While a traditional 50/50 allocation with rebalancing struggled to deliver returns (but delivered an abundance of hope and despair), relative volatility weighting between stocks and bonds provided investors with tolerable, if not robust, results of 4.71% annualized over the period, with a very respectable Sharpe ratio of 0.78. Further, the portfolio never experienced a loss greater than 14% from peak to trough, less than half the drawdown experienced by a traditional balanced portfolio.
Not bad for a simple and intuitive twist on an old idea. The following chart uses US data to illustrate how a volatility based approach also exposes investors to a much more consistent portfolio experience as the grey line in the chart below (relative volatility weighted portfolio) tracks well below the black line (SAA 50/50) for most of the past 18 years, indicating much lower and more consistent volatility for the investor. The blue line is beyond the scope of this article, but suffice to say that by explicitly holding risk constant by systematically adding cash, portfolio risk and return characteristics can be improved even more dramatically, even in Japan!
Source: Butler|Philbrick & Associates, Click for a larger image
Opportunities for Action
We have demonstrated that over several market cycles a diversified portfolio substantially outperforms an all-equity portfolio, both in absolute terms and on a risk-adjusted basis. The period studied, from 1993 through 2011 is especially interesting because it includes a long-term secular bear market with several bull-market episodes.
While the success of the diversified and rebalanced stock and bond portfolio relative to stocks on their own is not a revelation, many investors might be surprised at just how well this portfolio has done over the past 18 years on both an absolute and risk adjusted basis. Further, while we would in no way espouse this model as an optimal framework, not least of which because the stock / bond diversification framework ignores the myriad opportunities available from other markets and asset classes, it is much better than typical 'Aggressive' all-equity allocations.
We also demonstrated the conceptual and empirical validity of implementing portfolio allocations based on a true risk target that is commensurate with each individual's risk tolerance, rather than on static Strategic Asset Allocation percentages. In a traditional SAA approach, a stock/bond allocation is chosen at the inception of the investment process, and the portfolio is altered at each rebalance date to move it back toward its long-term target allocation.
In a risk-optimized framework however, the allocation to both equities and bonds depends on the relative risk associated with each asset class based on their relative volatilities at each rebalance date. In this way, portfolio allocations to stocks and bonds will ebb and flow according to their respective risk, holding aggregate portfolio risk near the initial target over time.

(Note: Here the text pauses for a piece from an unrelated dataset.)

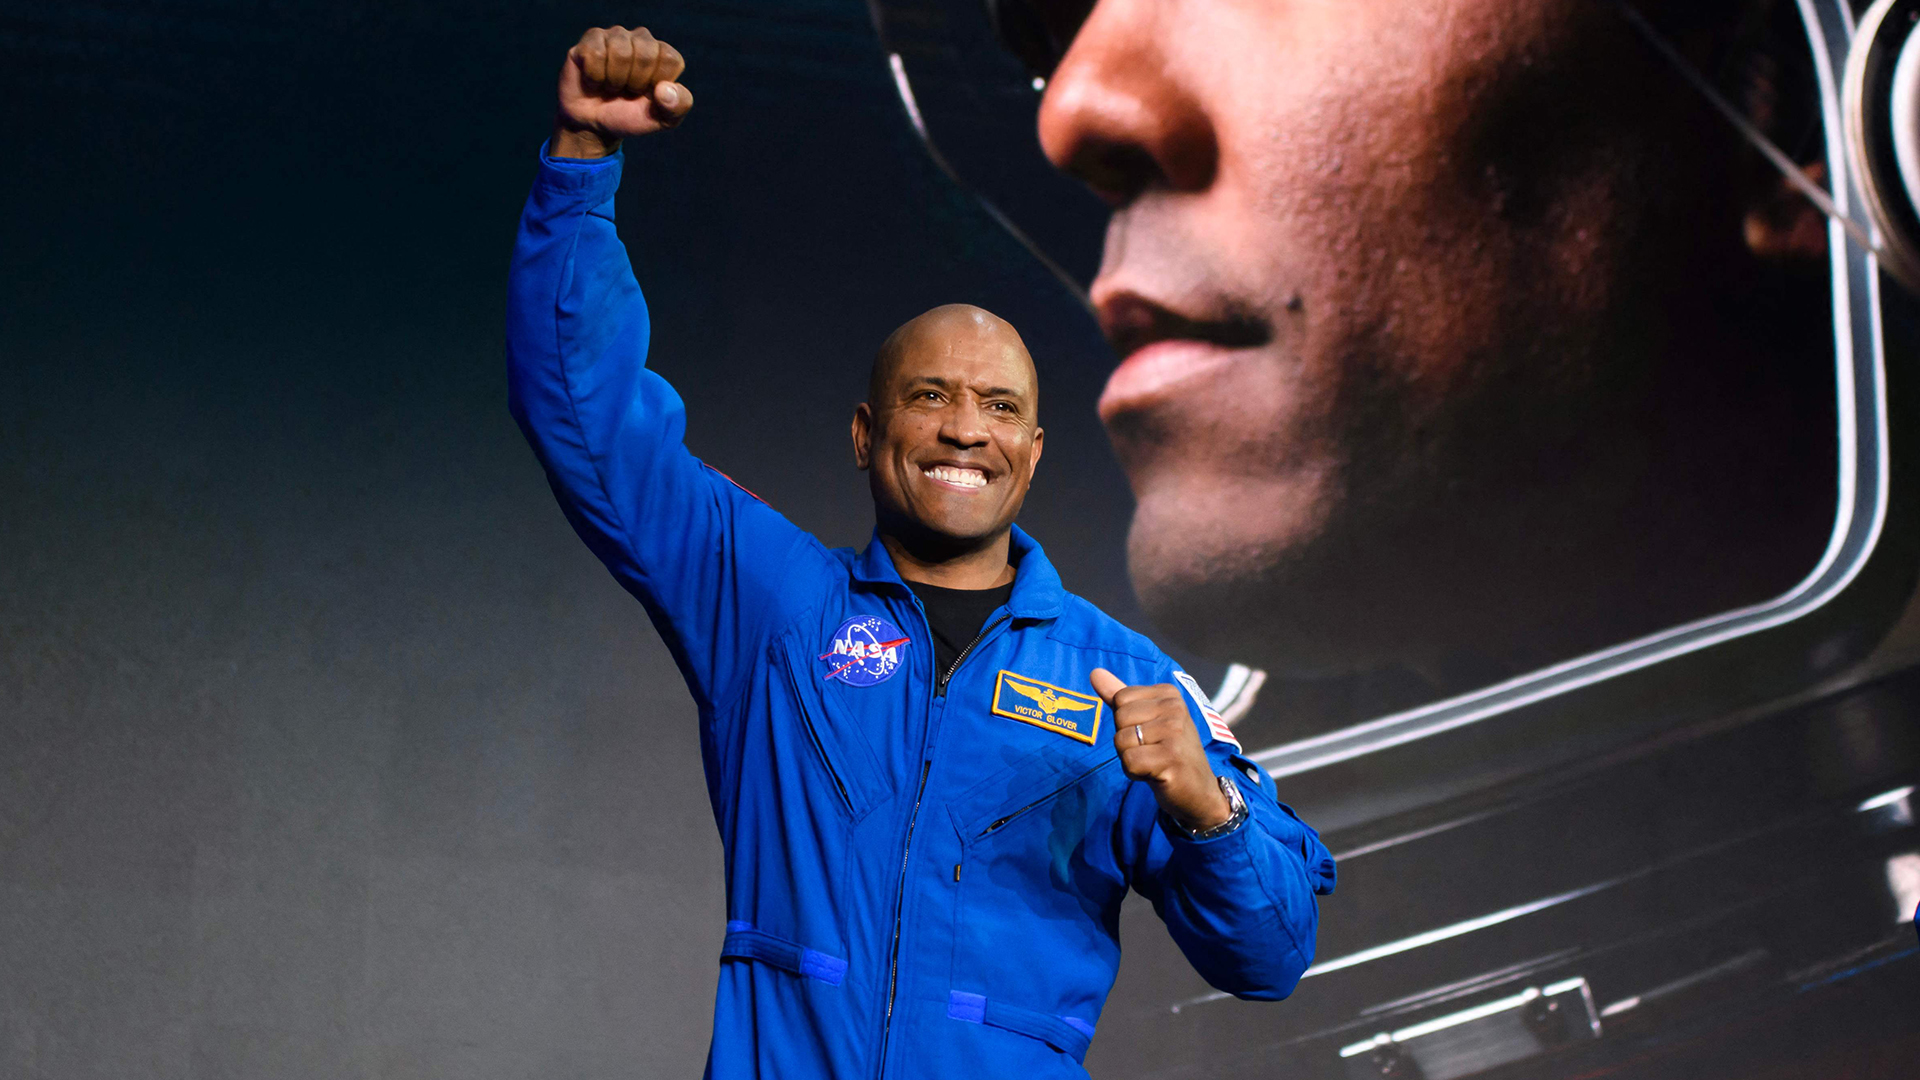 Victor Glover Set To Become The First Black Man NASA Sends To The Moon

Empirically, this simple technique substantially improved absolute returns, but also dramatically improved portfolio efficiency: in the Japanese study above, the Sharpe ratio improved by 700% and Maximum Daily Drawdown was reduced by 240% over traditional SAA.
In closing, we would assert that Advisors and investors should consider an approach to Strategic Asset Allocation that incorporates explicit 'buffers' which expand and contract allocations to assets when they are volatile so as to keep aggregate portfolio volatility constant. This approach has merit conceptually, mathematically, and empirically as seen in the associated tests.
This type of framework should be robust to asset classes, market regimes, and exogenous shocks, and provide a much more stable return experience for investors.